Они поцеловались. Волк, звери и зверушки провожали Протасова печальным взглядом.
– Да... – остановился в дверях Протасов. – Дайте мне еще раз взглянуть...
– Что, на Анфису? Нет, нет.
– Почему?
Шапошников, почесывая бока горстями, покачиваясь, залился скрипучим смехом:
– Ре... ревность, понимаете... Ревность.
И вдруг лицо его заледенело.
Обоз двигался прямиком по проложенной Громовым грунтовой дороге. Старики же ехали по старому тракту, чрез деревни, чрез села, где можно сменить лошадей. На второй день путники издали увидели захрясший на аршин в грязи тарантас с поднятыми оглоблями, а в стороне привязанную к дереву, по уши заляпанную грязью лошадь. В тарантасе человек читает газету. Сравнялись.
– Илюша, ты?
– Я, Иннокентий Филатыч... Здравствуйте!
– Давно сидишь?
– С утра. Часика четыре. Ямщик за народом на пристяжке угнал. Влипли крепко. Это называется – тракт, сплошная, я вам скажу, аксиома. А с вами кто?
– Так, человек один, – ответил Груздев.
Иван Иваныч, закутавшийся в воротник драпового архалука, повел на Илью хохлатыми бровями, отвернулся.
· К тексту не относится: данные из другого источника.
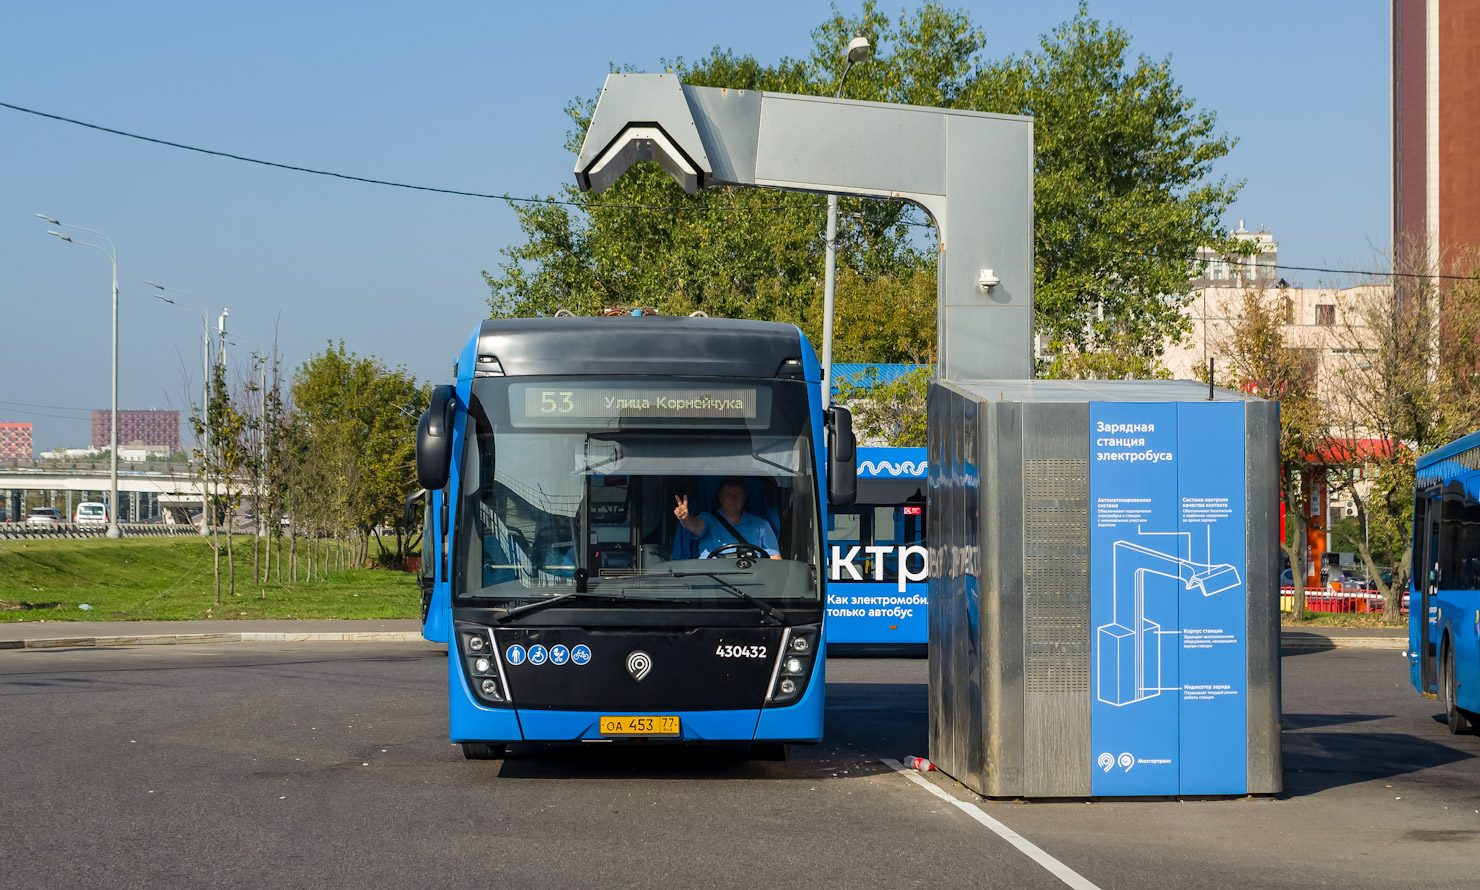 Moskva, KAMAZ-6282 № 430432; Moskva — Electric power service — Charging stations; Moskva — Terminus stations

– А я на пристань гоню. Телеграмма получена. Мебель стиль-фасон Прохору Петровичу пришла! – прокричал вдогонку путникам Илья Сохатых. – А наш хозяин на соляных варницах гуляет!
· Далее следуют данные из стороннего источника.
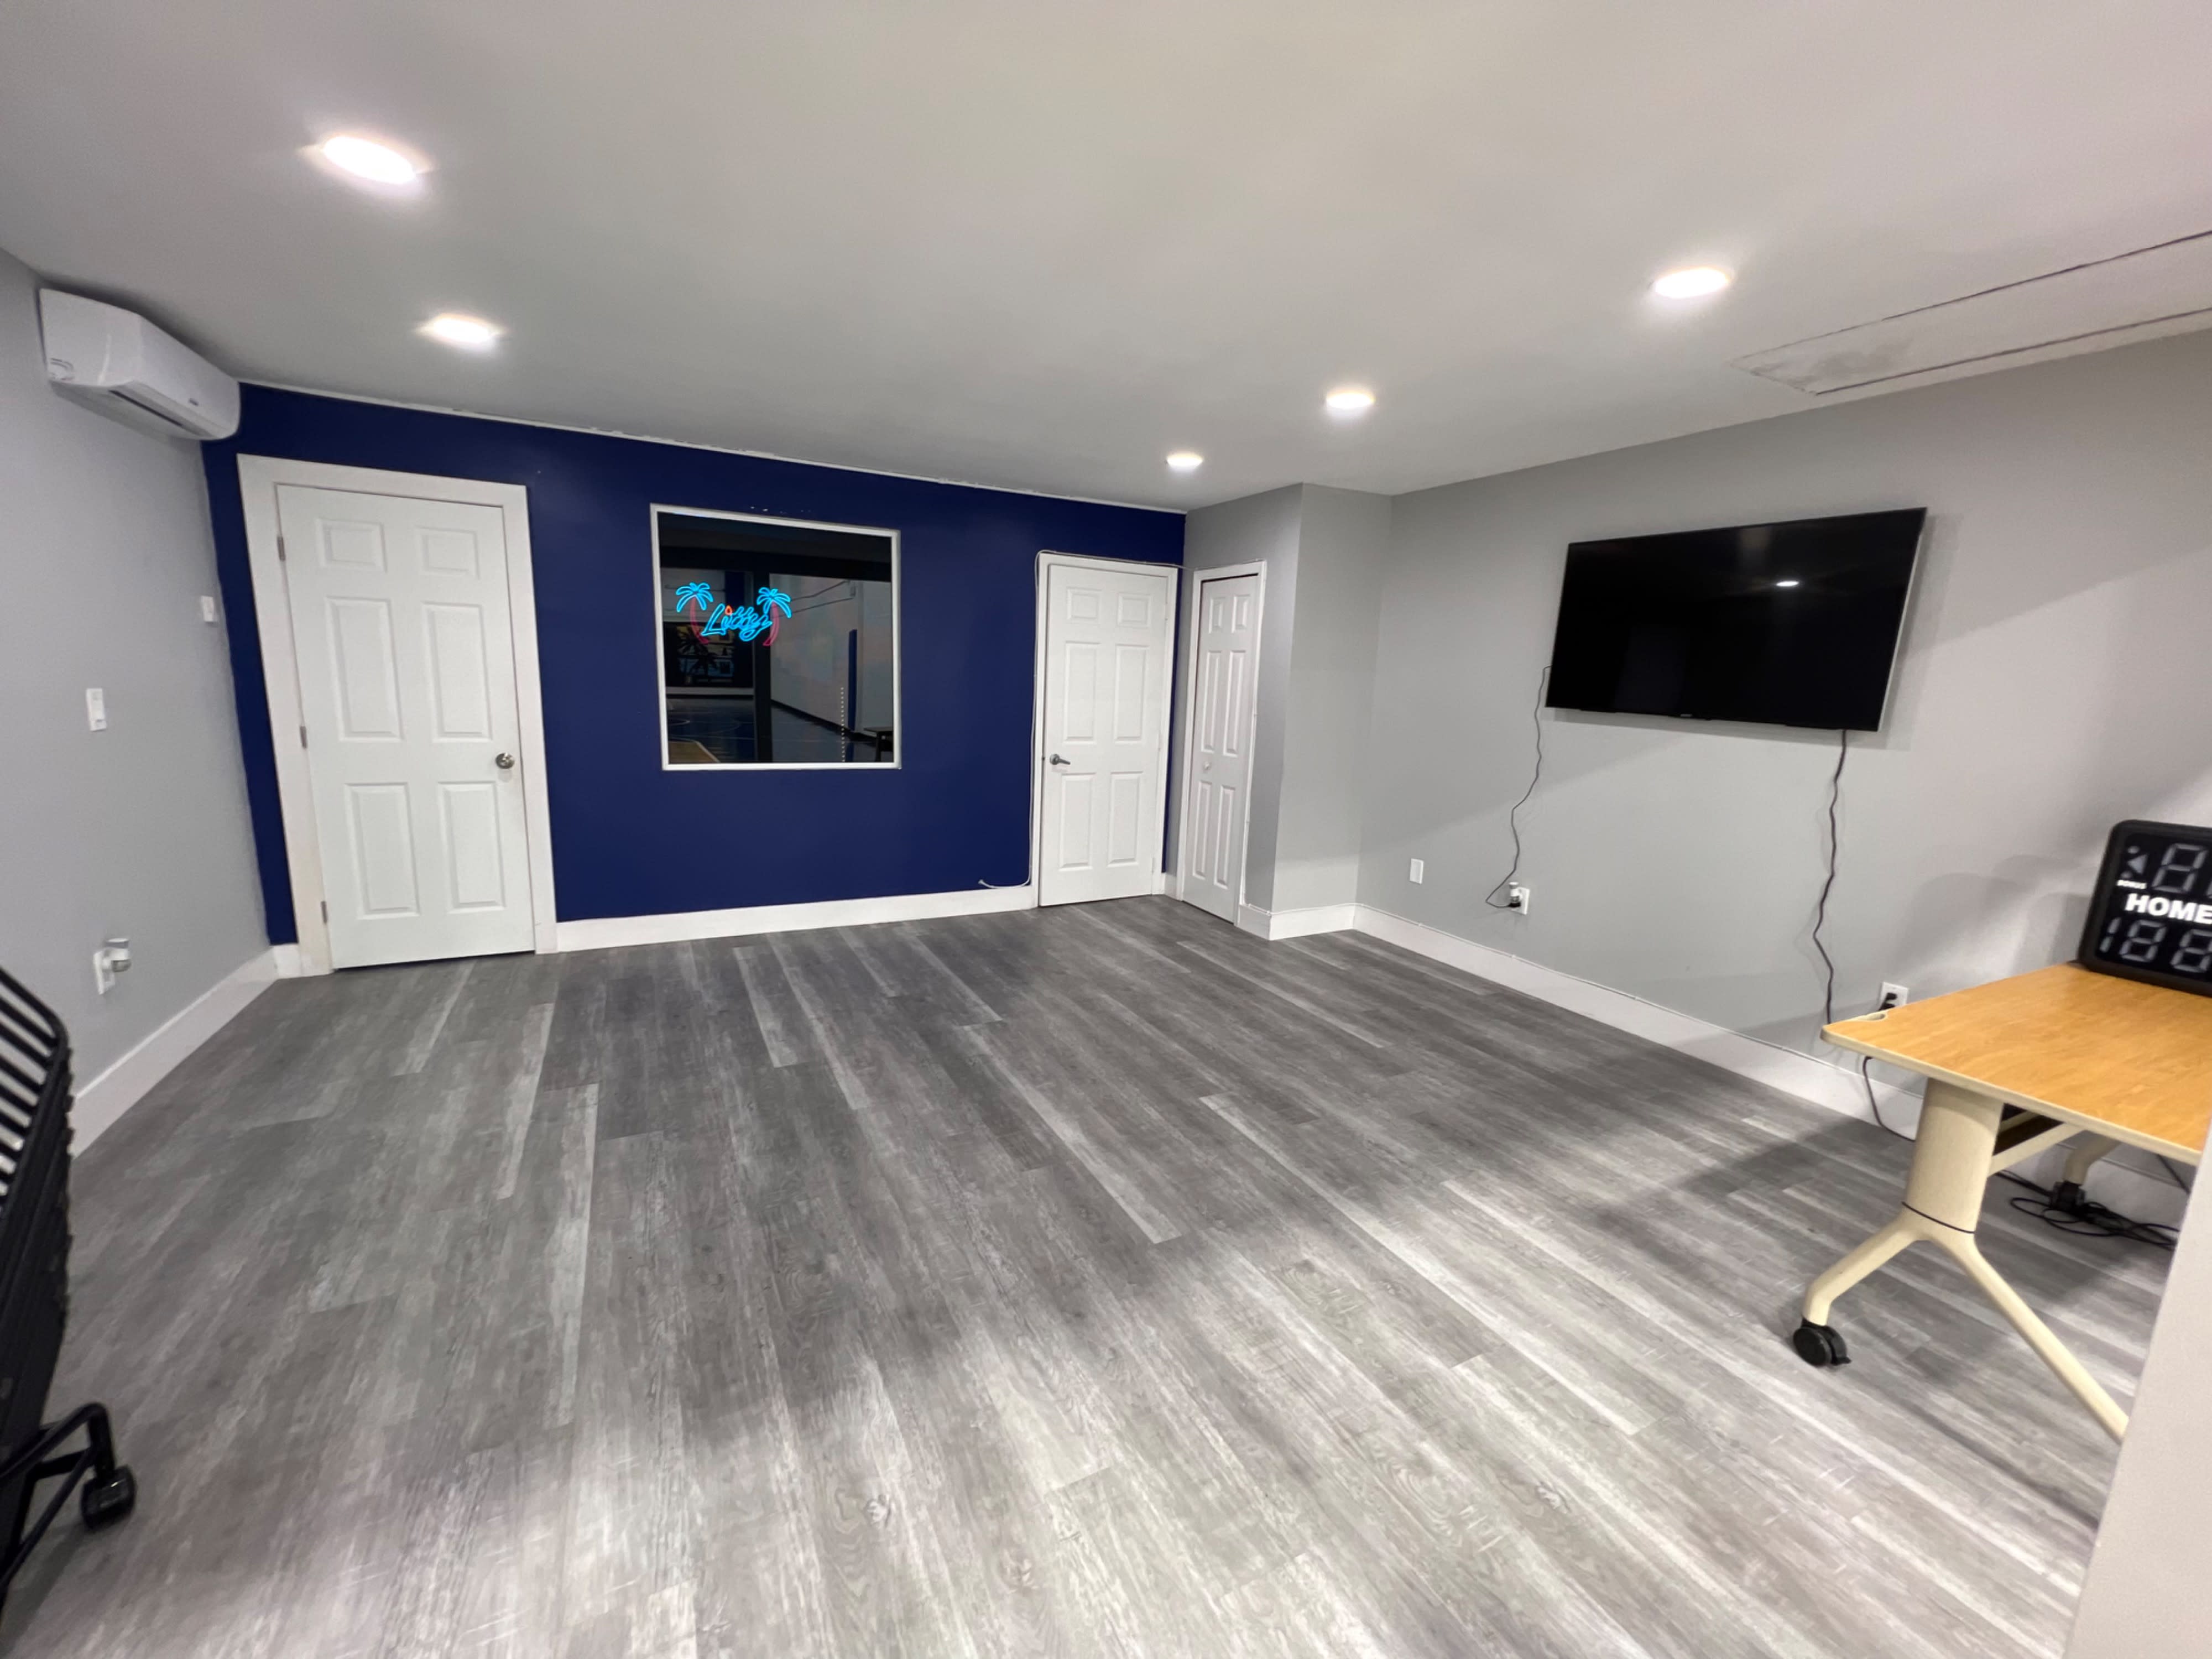 Indoor Gymnasium with lounge and VIP area for events, Miami, FL, Event

– Чего? Гуляет? Ха-ха! Важно.
К деревне Гулькиной путники подъезжали ранним вечером. Соляные варницы Громова были в версте отсюда, меж двух озер. Будни, а с деревни долетает песня, шум. Пьяный мужик лежит поперек дороги. Пьяная старуха плетется возле изгороди, говорит сама с собой. Телята пронеслись, задрав хвосты. У поскотины умирает обожравшийся вином пастух-старик. Пьяными голосами враз поют двадцать петухов. Сивушным духом пышет воздух, голосит гармошка, нескладный хор подхватывает песню, и все звуки покрывает здоровецкий чей-то бас.
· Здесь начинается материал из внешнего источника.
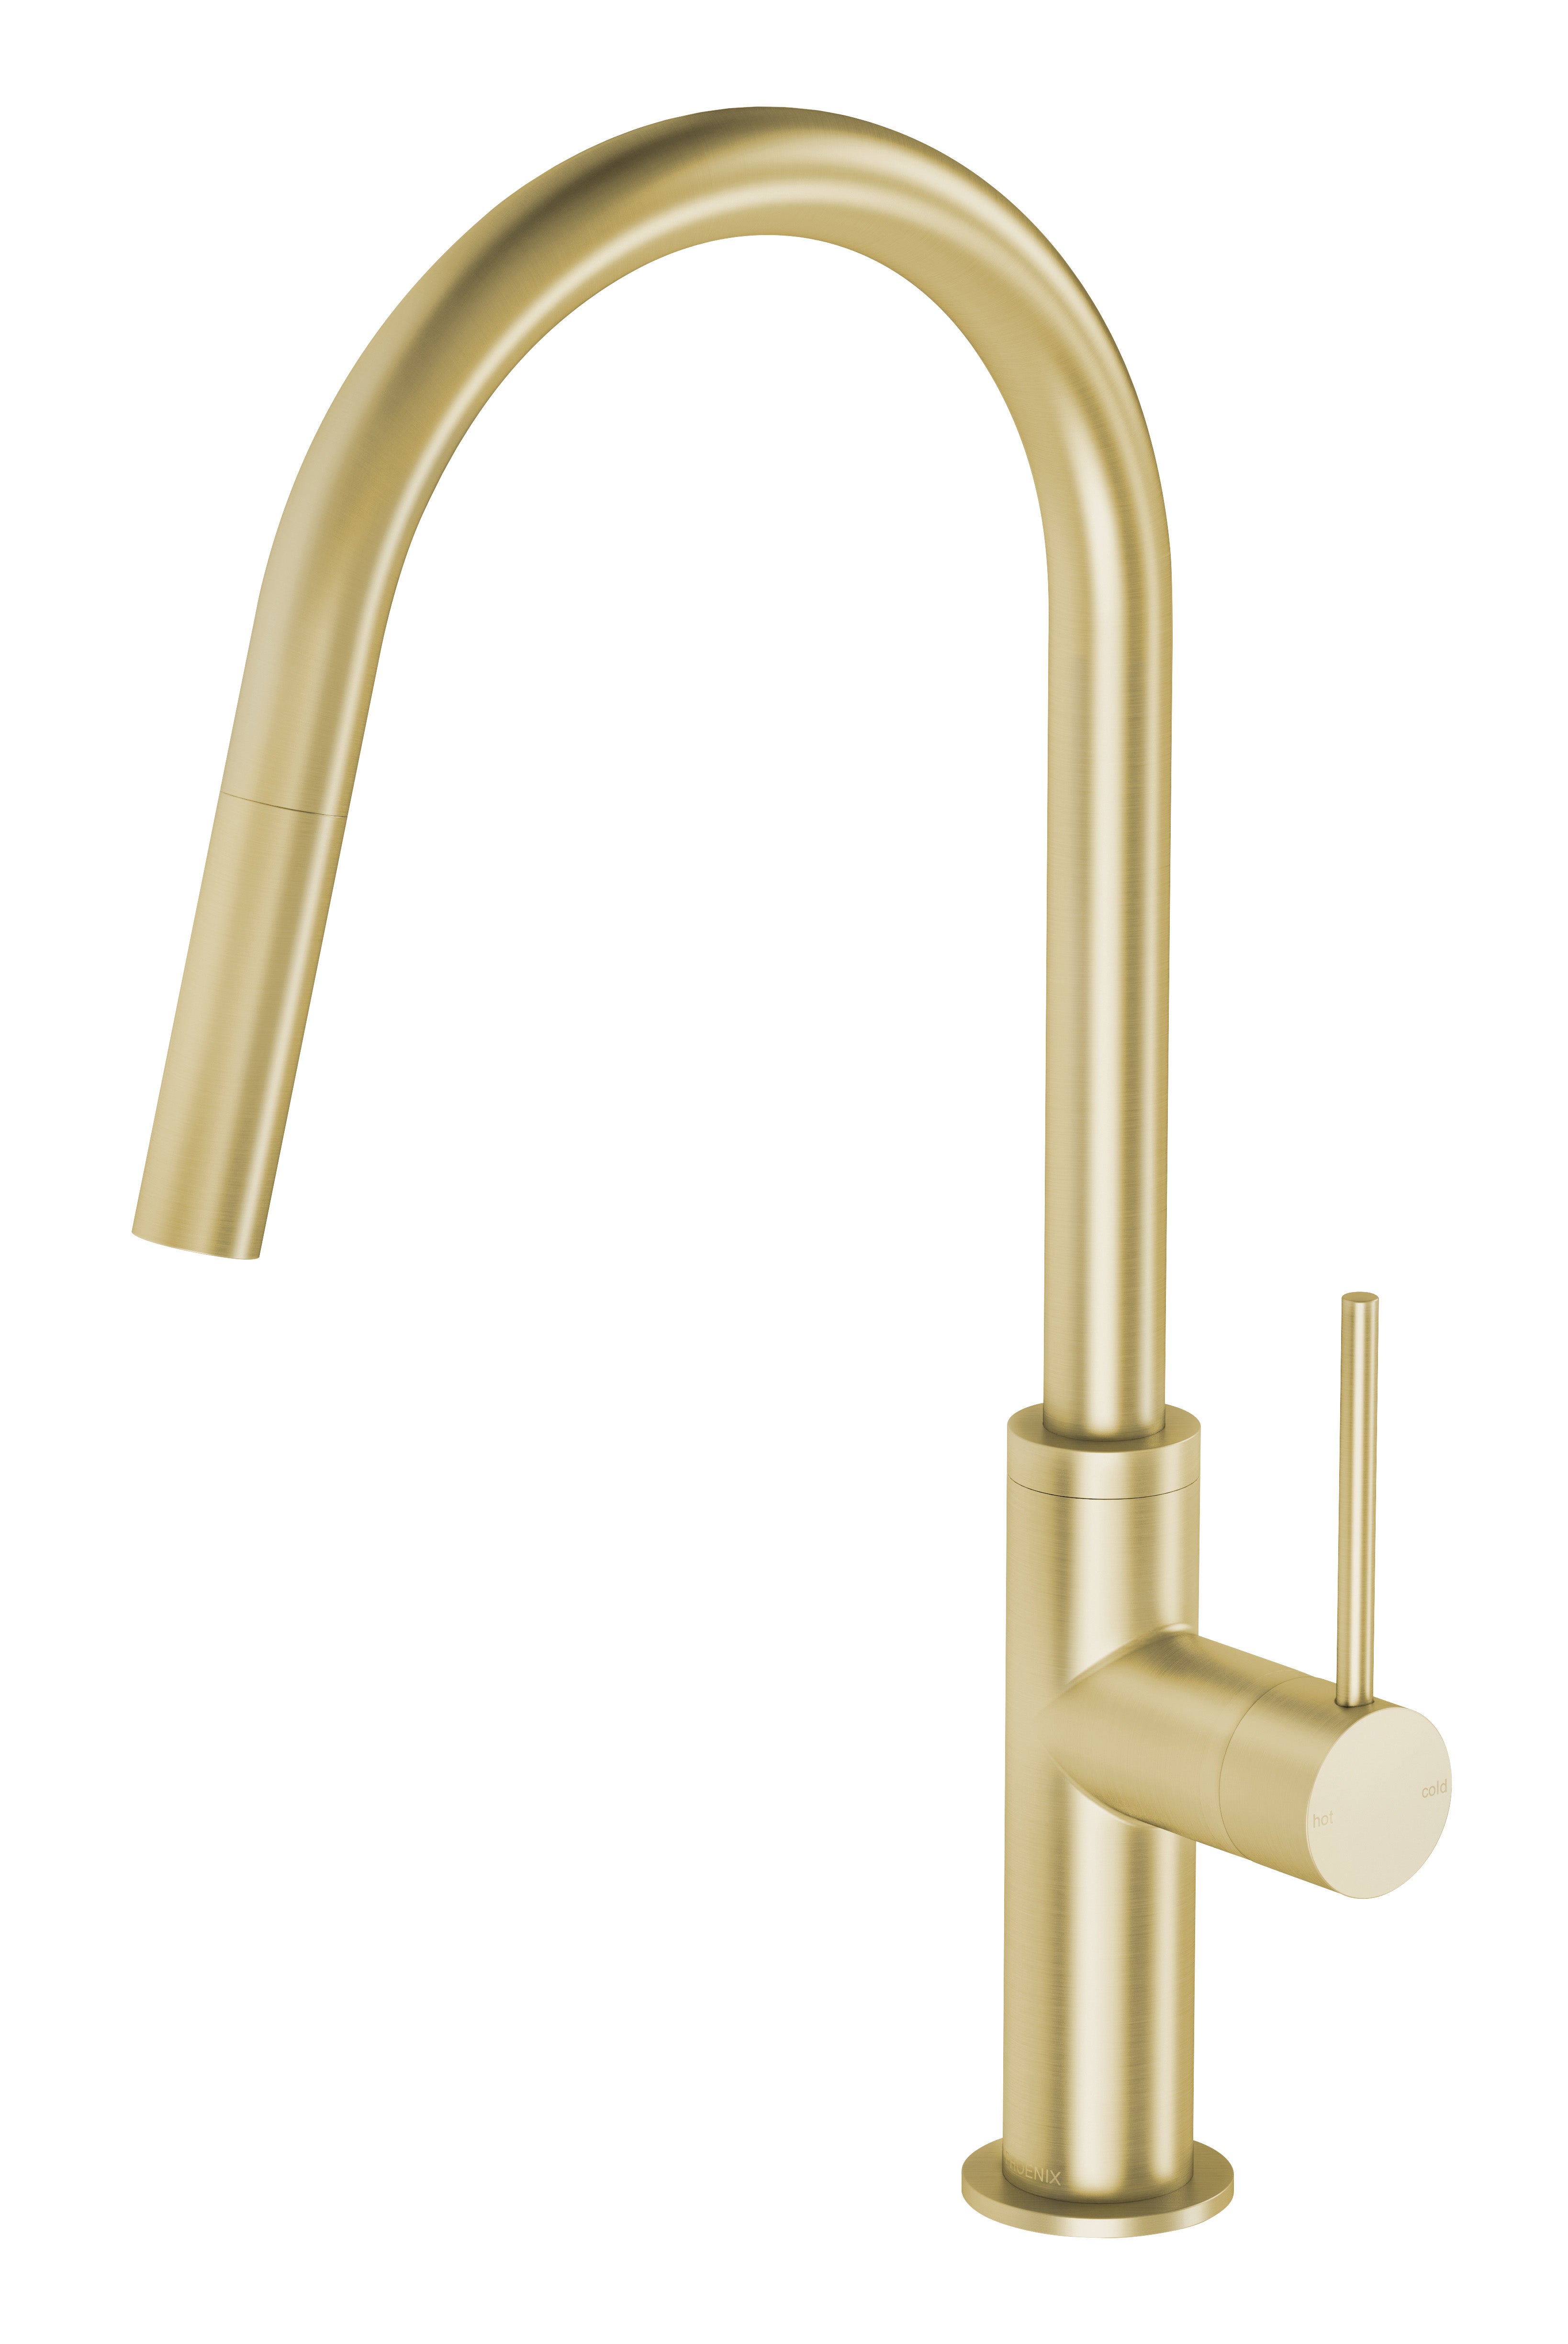 PHOENIX VIVID SLIMLINE PULL OUT SINK MIXER BRUSHED GOLD

– Ферапонт, – сразу догадался, въезжая в хмельную деревеньку, Иннокентий Филатыч. – Дьякон новый, из кузнецов, Прохора Петровича дружок. Стой, ямщик!
На гребне полого спускавшегося к реке зеленого берега большая десятивесельная лодка. На корме совершенно голый Прохор, во всем своем бесстыдстве. Он прокутил всю ночь, он пьян. Шея у него крепкая, плечи с наплывом, но белое тело стало утрачивать былую стройность, под кожей отлагался разгульный жирок благополучия. Какая-то дикая забубенность в жесте, в голосе, во взгляде хмельных оплывших глаз. Окруженный толпой загулявших девок, баб, шумливым полчищем детей, он чувствовал себя в своей тарелке, как Посейдон, окруженный Амфитритами. Ему наплевать на всех. Что такое толпа людей? Она продажна. За пятак, за водку он уведет ее куда угодно, он заставит ее ползать на карачках, прикладываться к его купеческому брюху. И пусть посмеет только пикнуть закабаленная деревня, хозяин хлопнет ладонь в ладонь – и староста с сотским сведет всех мужицких коров и лошадей в уплату долга. Но хозяин сегодня добр и пьян, толпа тоже пьяна, толпа колобродит с хозяином весь день. Эх, горькое, горькое ты счастье!
Прохор стоит на корме дубом, крепко держится за руль.
– Господин атаман! – возглашает стоящий на носу дьякон в красной рубахе, в плисовых шароварах. – А не видать ли чего в волнах?
– Нет, ничего не видно, – рассматривая из-под ладони простор Угрюм-реки, по-серьезному отвечает Прохор и, как капельмейстер, взмахивает рукой.
Визгливый хор мужиков и баб с уханьем, с присвистом рвет воздух:
Ничего-о-о в волнах не ви...
Да не ви-и-и-дно!..
Только ло-о-дочка да черне... да черне-е-е-ет!..
– Тяни! Тяни! – командуют обалделые, с заплеванными бородами десятский с сотским. С полсотни подгулявших баб и девок, влегая грудью в лямки, прут судно по луговине вниз, к воде. Пять вдребезги пьяных мужиков, падая, разбивая себе зубы, усердно подхватывают лодку сзади.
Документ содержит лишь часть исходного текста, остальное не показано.